● Requirement: All lines from the one containing "18444 W LAVENDER LN PROPERTY REPORT-page-042" to the end of the entries below should be output exactly as they appear. No other lines should be output.

** Source material follows **

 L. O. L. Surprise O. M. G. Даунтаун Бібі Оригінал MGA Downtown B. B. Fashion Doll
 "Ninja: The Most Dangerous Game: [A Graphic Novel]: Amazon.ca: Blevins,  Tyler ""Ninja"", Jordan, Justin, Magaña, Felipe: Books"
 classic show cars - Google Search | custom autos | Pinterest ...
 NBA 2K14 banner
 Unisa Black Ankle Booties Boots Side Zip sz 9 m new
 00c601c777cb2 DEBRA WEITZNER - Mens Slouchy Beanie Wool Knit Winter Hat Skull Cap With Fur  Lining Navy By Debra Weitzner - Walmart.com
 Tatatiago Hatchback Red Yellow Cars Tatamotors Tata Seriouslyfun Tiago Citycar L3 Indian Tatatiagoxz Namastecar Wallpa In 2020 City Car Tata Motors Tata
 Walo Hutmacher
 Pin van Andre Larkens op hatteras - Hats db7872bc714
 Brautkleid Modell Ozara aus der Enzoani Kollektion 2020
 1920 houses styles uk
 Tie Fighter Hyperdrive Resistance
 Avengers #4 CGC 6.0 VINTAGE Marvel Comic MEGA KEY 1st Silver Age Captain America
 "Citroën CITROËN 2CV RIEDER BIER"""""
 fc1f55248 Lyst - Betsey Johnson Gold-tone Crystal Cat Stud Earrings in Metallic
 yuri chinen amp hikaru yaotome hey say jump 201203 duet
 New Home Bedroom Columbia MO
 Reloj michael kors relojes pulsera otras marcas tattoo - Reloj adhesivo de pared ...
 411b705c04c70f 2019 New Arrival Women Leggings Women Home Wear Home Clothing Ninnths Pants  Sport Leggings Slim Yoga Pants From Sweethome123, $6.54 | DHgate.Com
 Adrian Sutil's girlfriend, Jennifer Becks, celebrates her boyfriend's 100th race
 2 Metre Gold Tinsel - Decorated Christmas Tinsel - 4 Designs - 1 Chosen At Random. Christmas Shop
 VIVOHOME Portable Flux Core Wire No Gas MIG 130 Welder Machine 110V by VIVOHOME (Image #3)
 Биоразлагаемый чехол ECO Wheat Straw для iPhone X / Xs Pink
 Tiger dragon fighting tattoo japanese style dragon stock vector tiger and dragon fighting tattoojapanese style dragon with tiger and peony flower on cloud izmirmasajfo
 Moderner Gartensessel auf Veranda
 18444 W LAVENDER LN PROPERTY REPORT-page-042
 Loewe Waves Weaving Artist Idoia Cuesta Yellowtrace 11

** End of Source material **

● Answer:
 18444 W LAVENDER LN PROPERTY REPORT-page-042
 Loewe Waves Weaving Artist Idoia Cuesta Yellowtrace 11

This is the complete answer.